1997 – Two major discoveries took place this year, both in the form of successfully cloning a sheep from ovine stem cells (proving that the central DNA structure found within the stem cell structure is fully compatible to an entire living creature) as well as leukemia’s origin being discovered as residing in hematopoietic stem cells – potentially hinting at an actual cancer stem cell for further study towards combating cancer development.
1998 – Thompson at the University of Wisconsin successfully cultivated the first human embryonic stem cell line, sparking the first major ethical debate in terms of stem cell research and both its application to as well as effect upon human beings.
1999 and 2000 – Scientists discovered that by manipulating various tissues from adult mice they could generate different types of cells and stimulate growth, giving birth to the study of what is now commonly known as “adult stem cells” and both their collection from and application to fully developed adults (a much more ethically acceptable practice to most individuals).
Why Do Stem Cells Differentiate
Stem cells are in essence the primary building blocks of our bodies. First developed when we are forming in an embryotic state, stem cells are used to form the basic structures of our body (including the skeletal, nervous and various tissue systems that we need for our very survival). While in the initial stages of our development these cells are highly versatile and can be used for any number of different functions. This allows for one cell to easily replace another if that cell should be having problems, helping to ensure the healthy development of a child before it is born.
As our bodies develop, however, stem cells must specialize in certain tasks in order to allow our body’s different systems to both function independently of one another while still interlinking and working together as a single organism. This means that the previously highly flexible stem cells that could be used for any number of bone, tissue or nerve growth must focus on one particular area and differentiate themselves from other stem cells in order to be more easily used in that area later on should additional cell growth be necessary.
These cells can further be found differentiating even further as human being grow and develop themselves through childhood and adolescence. Puberty is a primary changing point where a number of new systems are established and in order to meet the body’s structural demands stem cells must work appropriately to handle those.
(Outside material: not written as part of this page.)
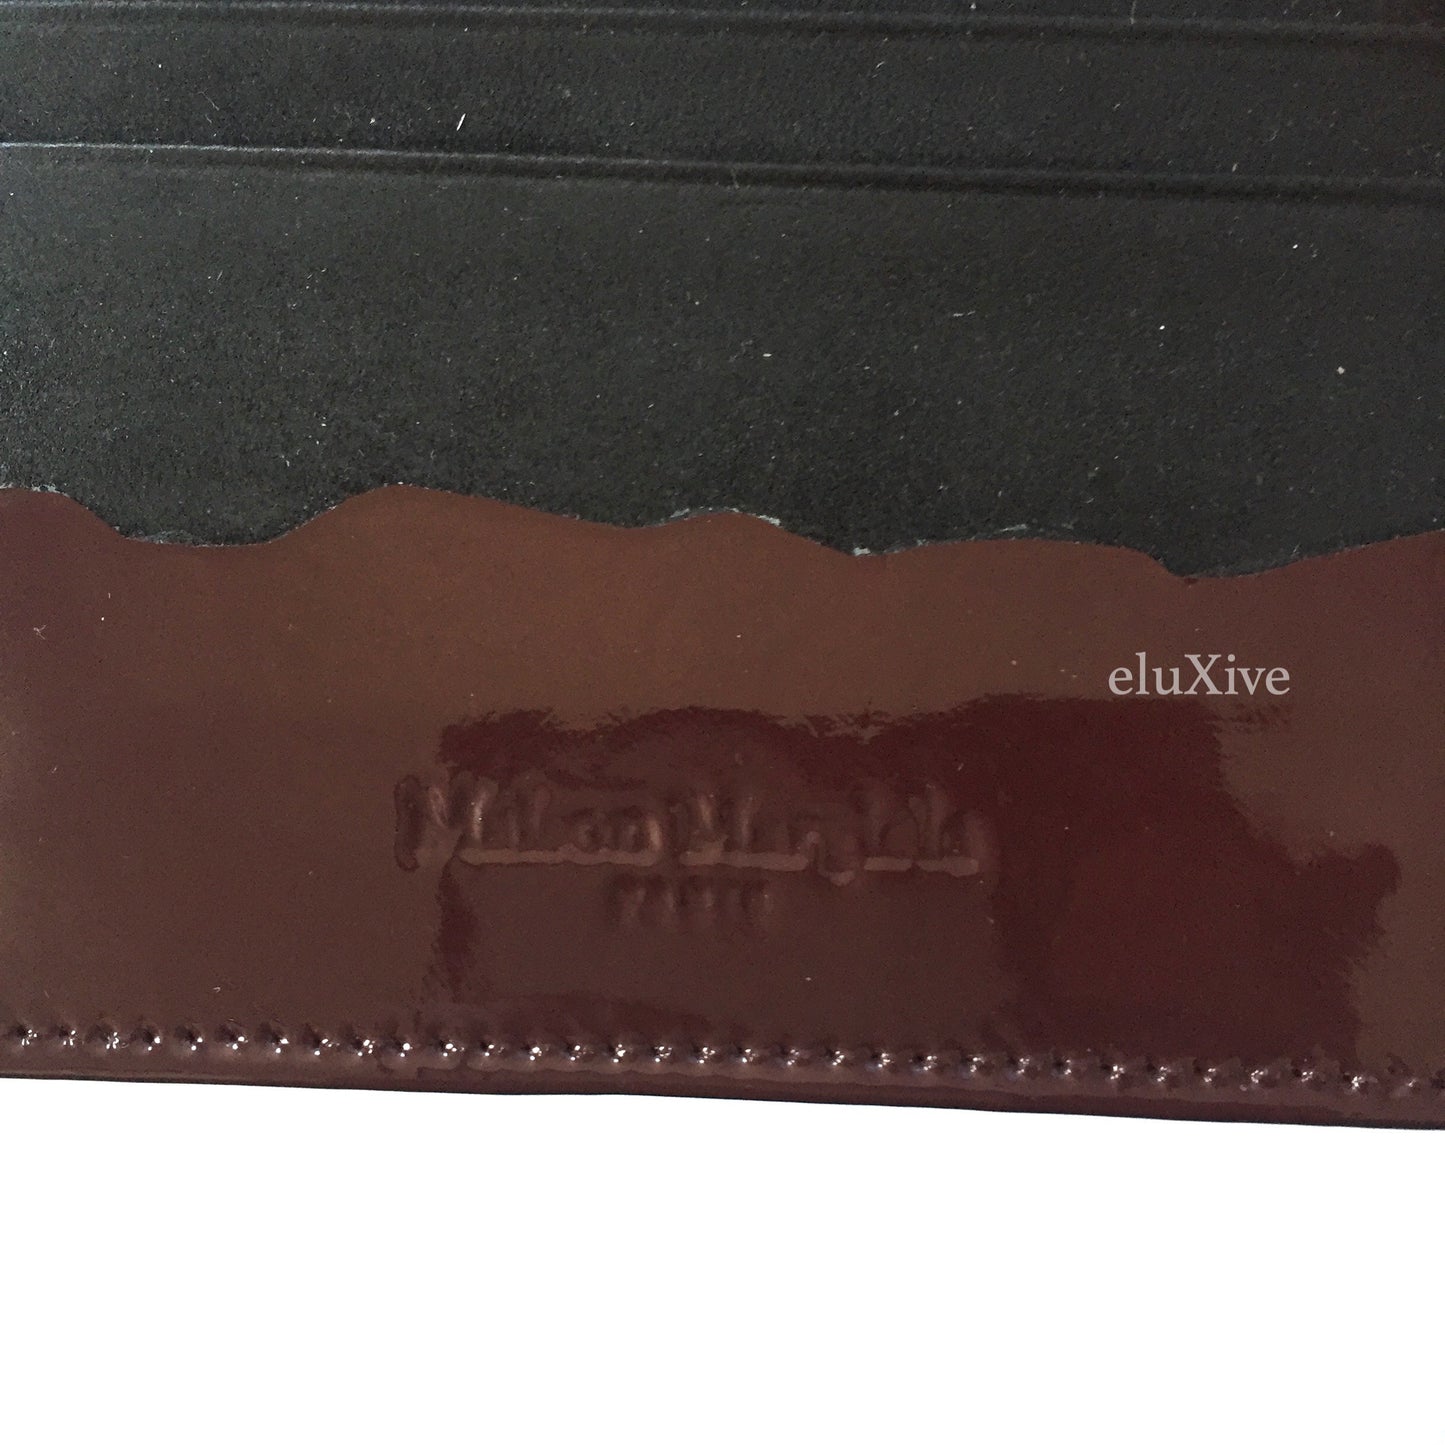 Maison Margiela - Dipped Leather Card Case

This leads stem cells to focus or differentiate more and close off some developmental pathways while opening up others for our body’s use.
Although stem cells may become more and more specialized as we grow older this does not mean that they cannot be used in various different ways effectively with enough propagation and genetic coding. Recent scientific discoveries are finding new ways to “bend” stem cells harvested from adult bodies into new genetic structures to aid with tissue, bone, cartilage and nerve regrowth that the stem cell may not be involved with normally (such as recent reports from Japan of stem cells being able to be harvested from developing wisdom teeth for usage in various different areas of the body).
Unfortunately no matter how much scientists may “push” stem cells harvested from adults in a certain way there is only so much that they can do and the stem cells simply will not be effective in generating any and all body systems imaginable. This is due to the fact that the previous differentiation the stem cells have undergone during the body’s development (with either partial or full specialization towards a specific system or structure) in order to allow the cell to perform its job more efficiently and thoroughly simply makes them unsuitable for most usage far outside of their pre-determined realm. While this does not mean that they have no flexibility in usage outside of their normal areas the farther and more “foreign” the system or structure is to the originally specialized system or structure then the less likely the stem cell is to effectively form appropriately.